Activity
Filter these records by the string "Vintage", copying each line that holds it.

^^^^

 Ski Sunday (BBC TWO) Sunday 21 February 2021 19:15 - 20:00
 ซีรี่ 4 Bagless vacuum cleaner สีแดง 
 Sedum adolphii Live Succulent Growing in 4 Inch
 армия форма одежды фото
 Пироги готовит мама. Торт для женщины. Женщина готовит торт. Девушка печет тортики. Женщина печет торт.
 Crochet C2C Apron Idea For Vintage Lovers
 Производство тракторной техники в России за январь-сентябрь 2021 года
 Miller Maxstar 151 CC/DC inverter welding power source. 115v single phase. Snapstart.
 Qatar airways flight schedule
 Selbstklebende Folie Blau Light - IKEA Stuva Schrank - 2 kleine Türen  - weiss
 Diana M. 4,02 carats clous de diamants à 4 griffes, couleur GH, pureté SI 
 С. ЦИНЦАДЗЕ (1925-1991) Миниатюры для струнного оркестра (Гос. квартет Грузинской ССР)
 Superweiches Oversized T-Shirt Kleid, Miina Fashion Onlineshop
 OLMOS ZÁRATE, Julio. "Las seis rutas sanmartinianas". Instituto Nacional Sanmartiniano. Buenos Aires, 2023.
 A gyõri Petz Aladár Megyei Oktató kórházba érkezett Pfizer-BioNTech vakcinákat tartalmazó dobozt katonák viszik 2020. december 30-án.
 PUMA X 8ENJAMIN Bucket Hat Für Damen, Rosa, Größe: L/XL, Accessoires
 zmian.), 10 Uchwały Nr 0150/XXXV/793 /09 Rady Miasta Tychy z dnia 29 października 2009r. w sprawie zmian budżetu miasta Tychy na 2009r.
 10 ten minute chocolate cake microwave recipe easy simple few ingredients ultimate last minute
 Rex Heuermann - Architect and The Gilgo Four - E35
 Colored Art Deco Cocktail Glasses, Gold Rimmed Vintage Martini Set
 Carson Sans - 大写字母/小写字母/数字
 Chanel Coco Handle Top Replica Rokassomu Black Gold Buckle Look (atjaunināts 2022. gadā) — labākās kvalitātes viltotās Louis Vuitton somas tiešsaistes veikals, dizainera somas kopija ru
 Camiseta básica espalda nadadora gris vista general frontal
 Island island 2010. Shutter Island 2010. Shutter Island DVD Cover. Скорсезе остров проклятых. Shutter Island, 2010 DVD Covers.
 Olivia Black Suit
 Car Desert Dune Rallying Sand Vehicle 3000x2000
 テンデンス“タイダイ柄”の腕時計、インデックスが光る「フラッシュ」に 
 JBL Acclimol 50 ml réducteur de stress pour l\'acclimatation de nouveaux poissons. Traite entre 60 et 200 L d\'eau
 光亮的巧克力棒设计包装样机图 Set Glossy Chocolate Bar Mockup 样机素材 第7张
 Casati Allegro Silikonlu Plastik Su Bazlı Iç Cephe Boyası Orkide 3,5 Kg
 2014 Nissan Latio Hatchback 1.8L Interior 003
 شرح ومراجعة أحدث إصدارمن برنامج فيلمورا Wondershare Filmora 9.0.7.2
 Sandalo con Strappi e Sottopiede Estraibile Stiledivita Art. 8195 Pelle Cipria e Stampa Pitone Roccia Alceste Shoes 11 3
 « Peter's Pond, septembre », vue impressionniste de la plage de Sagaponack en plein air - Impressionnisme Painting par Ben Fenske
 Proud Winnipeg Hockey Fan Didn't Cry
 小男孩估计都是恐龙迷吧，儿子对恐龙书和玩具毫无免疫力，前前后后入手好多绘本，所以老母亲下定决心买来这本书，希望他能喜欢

^^^^

Answer
 Crochet C2C Apron Idea For Vintage Lovers
 Colored Art Deco Cocktail Glasses, Gold Rimmed Vintage Martini Set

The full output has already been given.